Когда Речел ушла, Генри принялся взволнованно расхаживать по комнате. Он пытался осмыслить разговор с женой, но мешали собственные эмоции и медленно таявший в воздухе аромат лаванды.
Слова Речел эхом звучали в его ушах. Генри остановился перед картиной, изобличавшей его собственную ничтожность: тень Люка. Речел эта картина не понравилась. Генри признался, что и ему это полотно казалось отталкивающим, откровенным свидетельством разложения и распада. Недолго думая, он открыл окно и выбросил двуликого демона во двор. Затем вспомнил, что Речел ждет его, и отправился на кухню.
Уже в коридоре витал запах жареной ветчины и подливы. Войдя на кухню, Генри увидел, что Речел стоит у окна и улыбается. Он подошел к жене и нежно погладил ее губы:
– Ты окончательно укротила меня, Речел… Она поцеловала его пальцы, и Генри казалось, что он держит в ладони ее улыбку. Когда Генри опустил руку, Речел проговорила:
– Это не входило в мои замыслы. Меньше всего мне хотелось воевать с твоей гордостью.
Генри усмехнулся и занял место за столом:
– Приходя к такой женщине, как ты, Речел, мужчина должен оставлять свою гордость на крыльце твоего дома.
– Я видела, как ты выбросил за окно одну из картин – ту самую, что мне не очень понравилась. Зачем? Из-за того, что согласился со мной?
Он взял из ее рук тарелку с едой и пожал плечами:
– Просто ты думаешь обо мне лучше, чем я сам думаю о себе. Хотя я не уверен, что ты права.
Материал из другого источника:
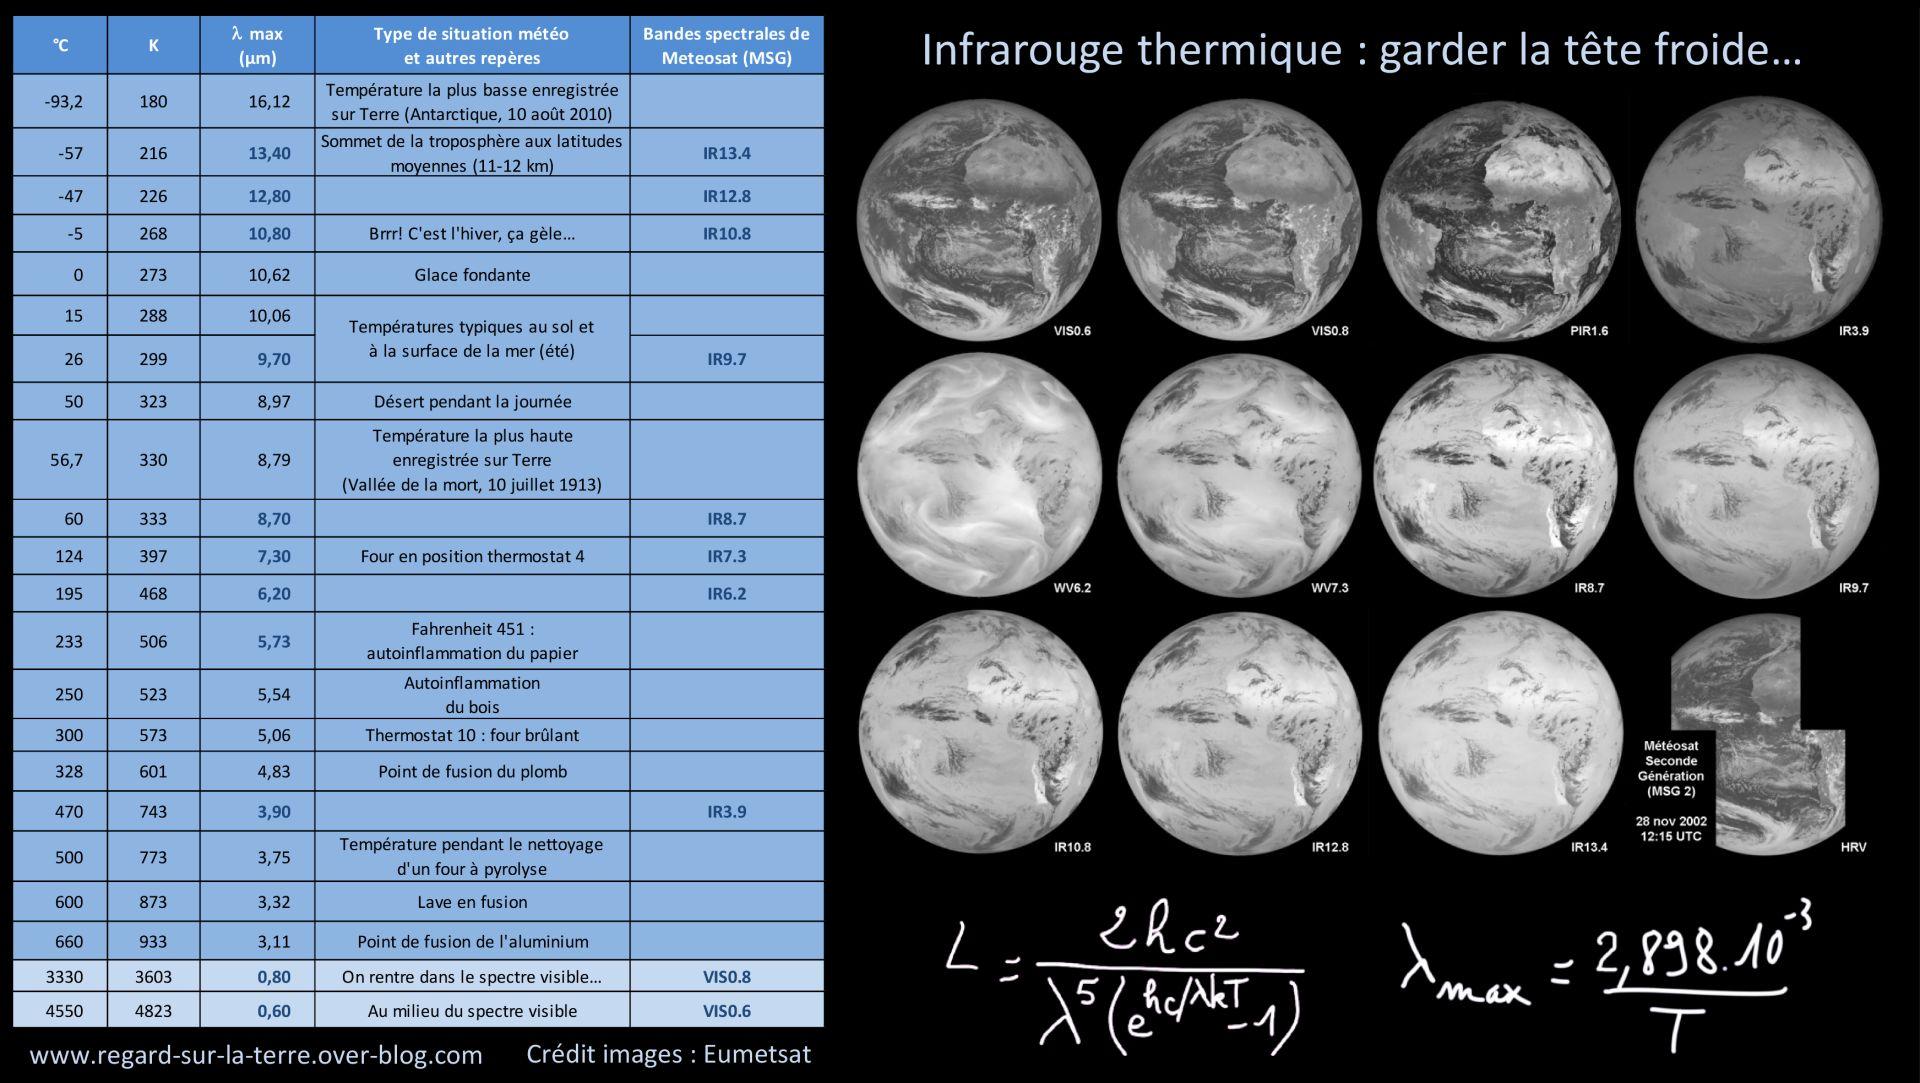 Température - Spectre d'émission - Longueur d'onde principale - Infrarouge thermique - Bandes spectrales utilisées en météorologie - Meteosat - SEVIRI - Eumetsat - Gédéon - Température la plus chaude - Température la plus froide - Température de combustion.

Генри удивился тому, как свободно и искренне говорит с Речел. Ведь в течение многих лет он прятал свои чувства даже от самого себя.
– Мы всегда живем с надеждой, Генри, – произнесла Речел. – Даже когда у нас есть все, что мы хотим.
– На что же тогда надеяться?
– Что не потеряем или не разрушим то, что нам так дорого.
Речел склонилась над тарелкой с гренками, откусила крошечный кусочек и начала медленно пережевывать. Генри вспомнил слова Феникса о том, что Речел нездорова, и понял, что это правда.
– Тебя мучает ребенок? – спросил Генри.
– Нет. Пока все дело во мне.
– Это пройдет?
– Не знаю. Для меня так новы все эти ощущения…
– Ты советовалась с другими женщинами?